Gaston dropped the pen to the floor and yawned. Sometimes his eyes closed and he wobbled until he jerked awake again, and snorted. He gave the impression of having bags under his eyes.
“Reb, what’s happened to make you so sure you’re being followed? Apart from what happened tonight? And if you are right, why you?”
“I already told you about the first—”
“I’m asking about since Pepper Leach was put away,” he told her.
“You do believe what I’ve told you?”
“I believe you, and I want to help you. And I want us to help each other.”

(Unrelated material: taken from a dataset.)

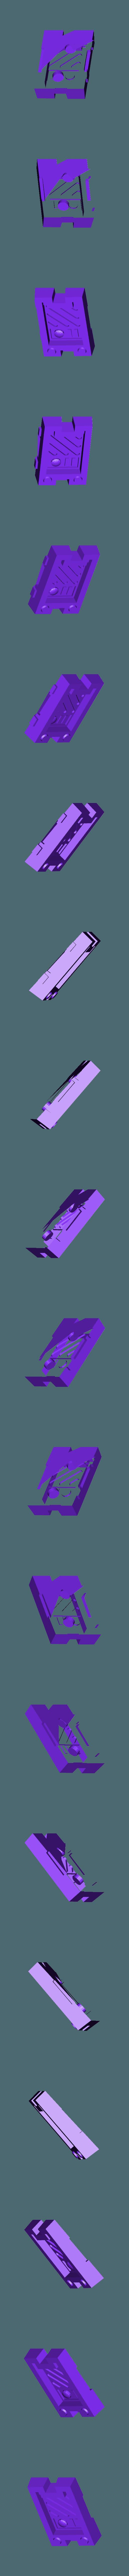 3Storm_Surge_half_of_power_packX2.obj Download free OBJ file Tempest Rush Mech • 3D printer model, Leesedrenfort
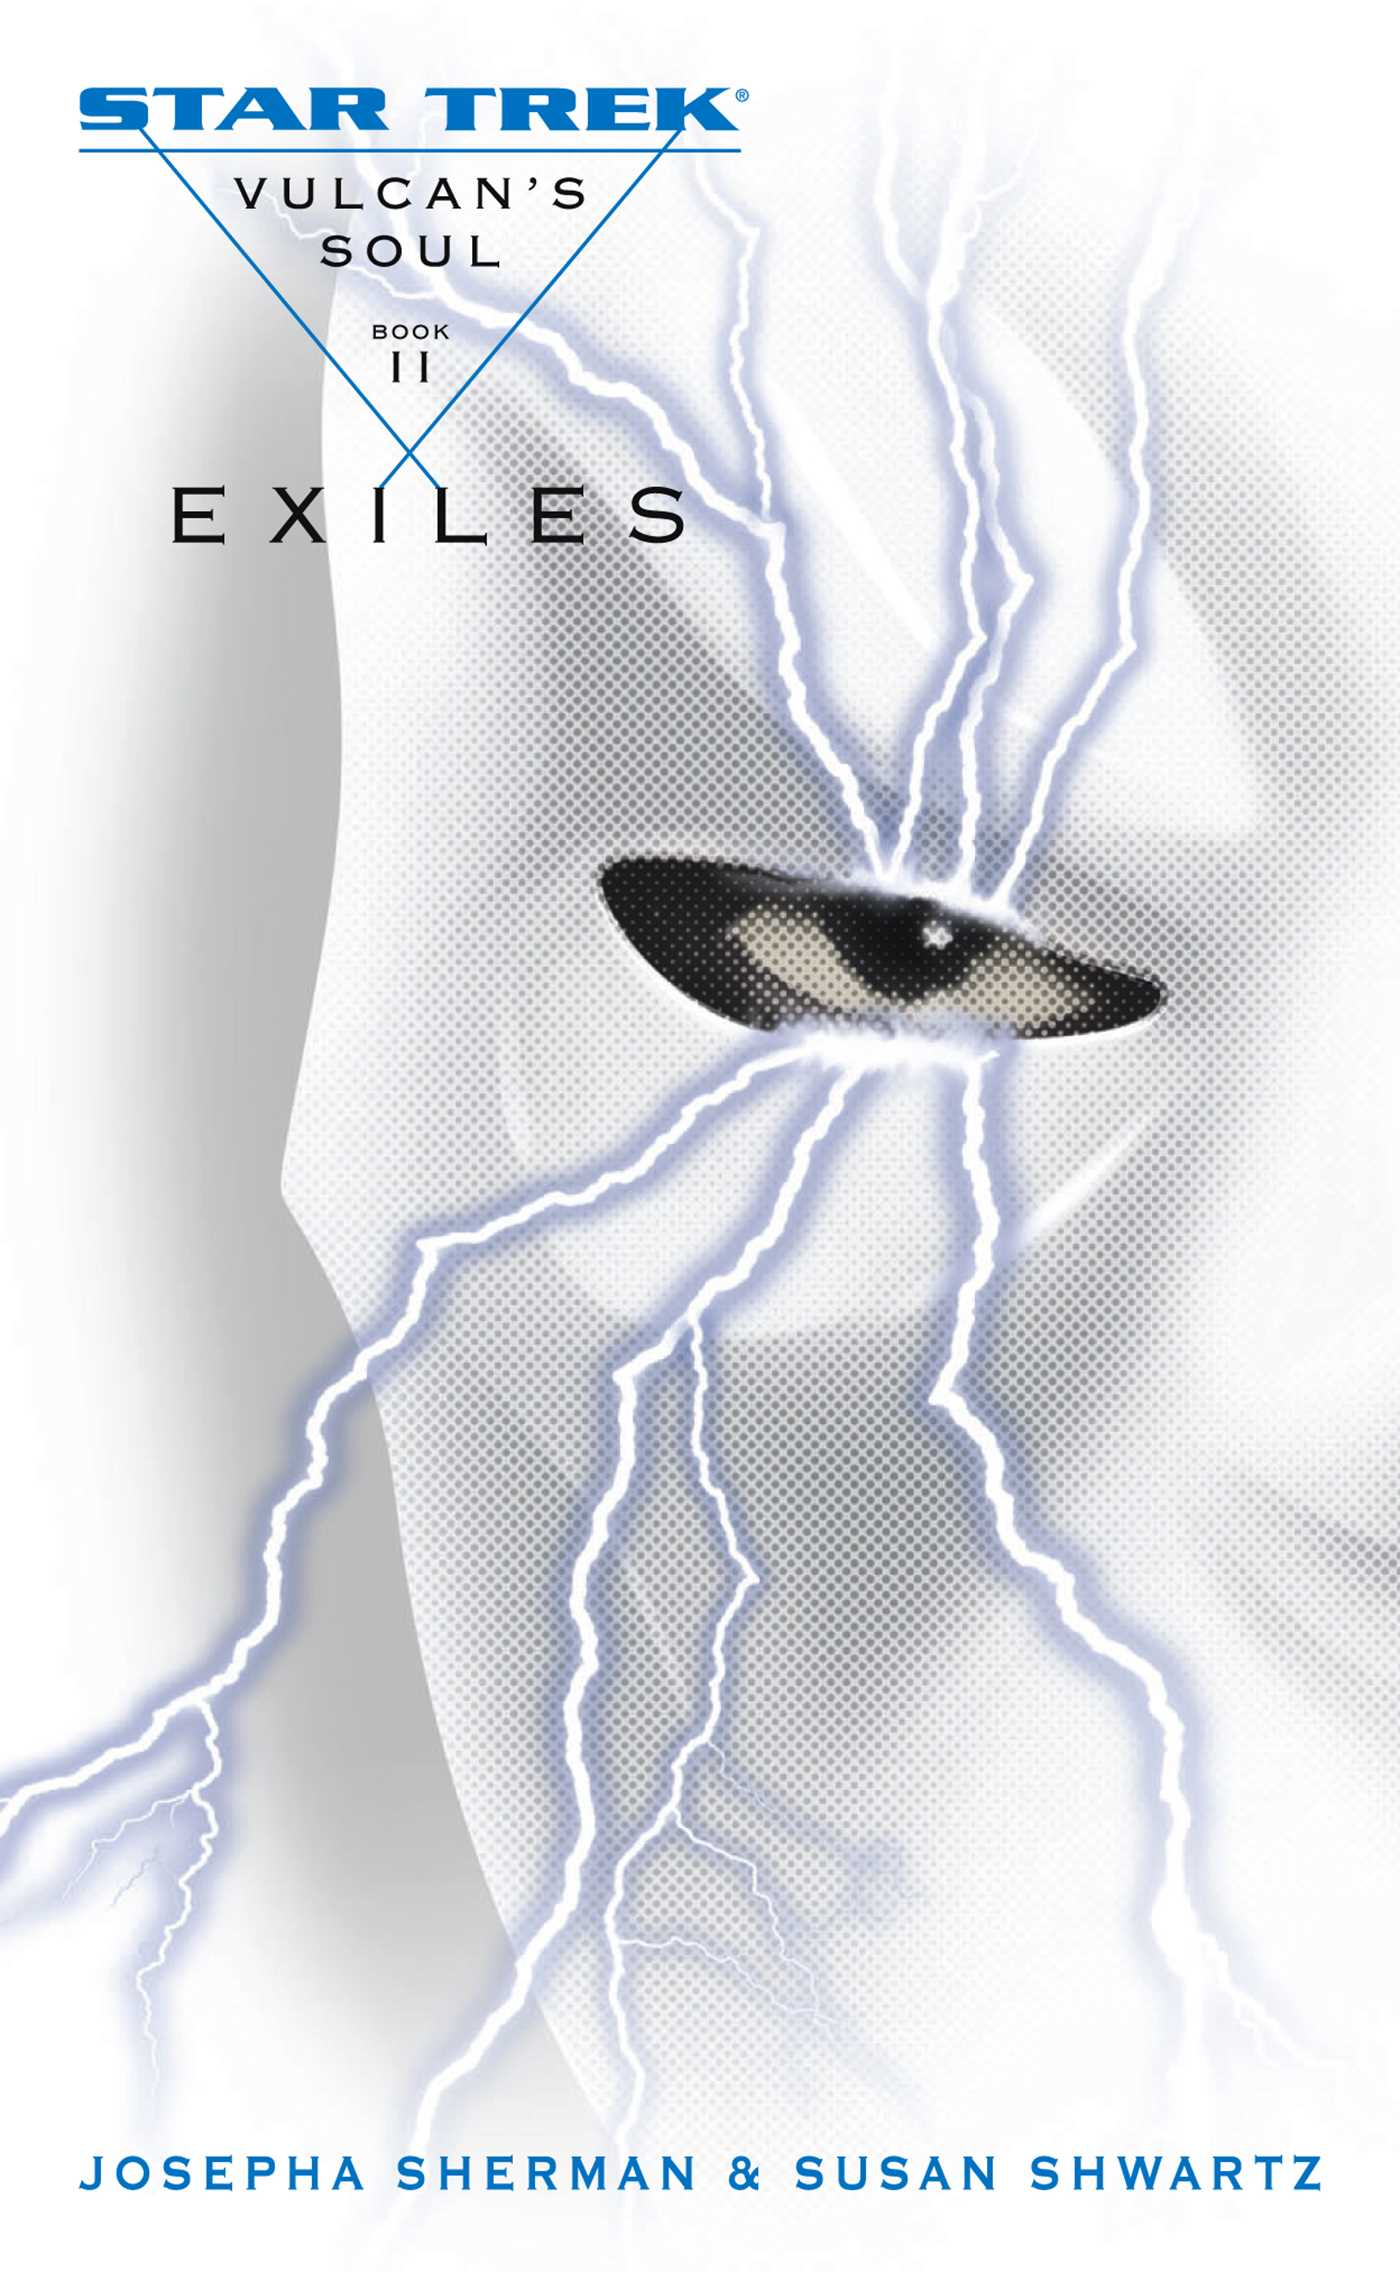 Star trek the original series vulcans soul 2 exiles 9780743463614 hr

He saw her make up her mind to talk. “When I made the mistake of leaving my cycle out one night, something heavy was used on the wheels, and the tires were slashed. That happened two weeks ago. Fortunately one of my patients insisted on fixing it for me. I feel eyes on me, and get the impression someone’s been watching me. Then I see something move—bushes mostly—and I know whoever’s doing these things is close by but has moved on. It’s happening a lot. And now all this.” She spread her arms to indicate the house. “This was meant to be a horrible, frightening warning. Whoever did it intended to scare me into taking some sort of action—so that he could know how I’d react. If he’d wanted me to die in that closet, he could easily have killed me.
“Then there was poor Gaston. What kind of person attempts to kill a helpless little dog?”
Marc glanced at the dog, who had stretched out on his back, with all four legs sticking up in the air, and who was snoring and chomping in his sleep.
“He likes to sleep that way sometimes,” Reb commented. “Marc, do you think someone broke in to put glass in Gaston’s food?”
“I surely do. And I believe he came through the window.”
Her great, relieved sigh exhilarated him. He was in a bad way with Reb. Marc didn’t want to look very far into the future. Too much could happen in too short a time, and it didn’t all have to be good.
“It wouldn’t be human if you weren’t scared about being alone with all this.”
She looked into his eyes, and, not for the first time, Marc was certain Reb knew something useful about Amy’s death. She might have no knowledge of what it was, but it was there and waiting for the right circumstances to trigger its revelation. He told her, “You aren’t on your own now. You’re with me. This man isn’t brave; this is a coward who attacks women. I’m taking you back to Clouds End with me where I can make sure you aren’t vulnerable.”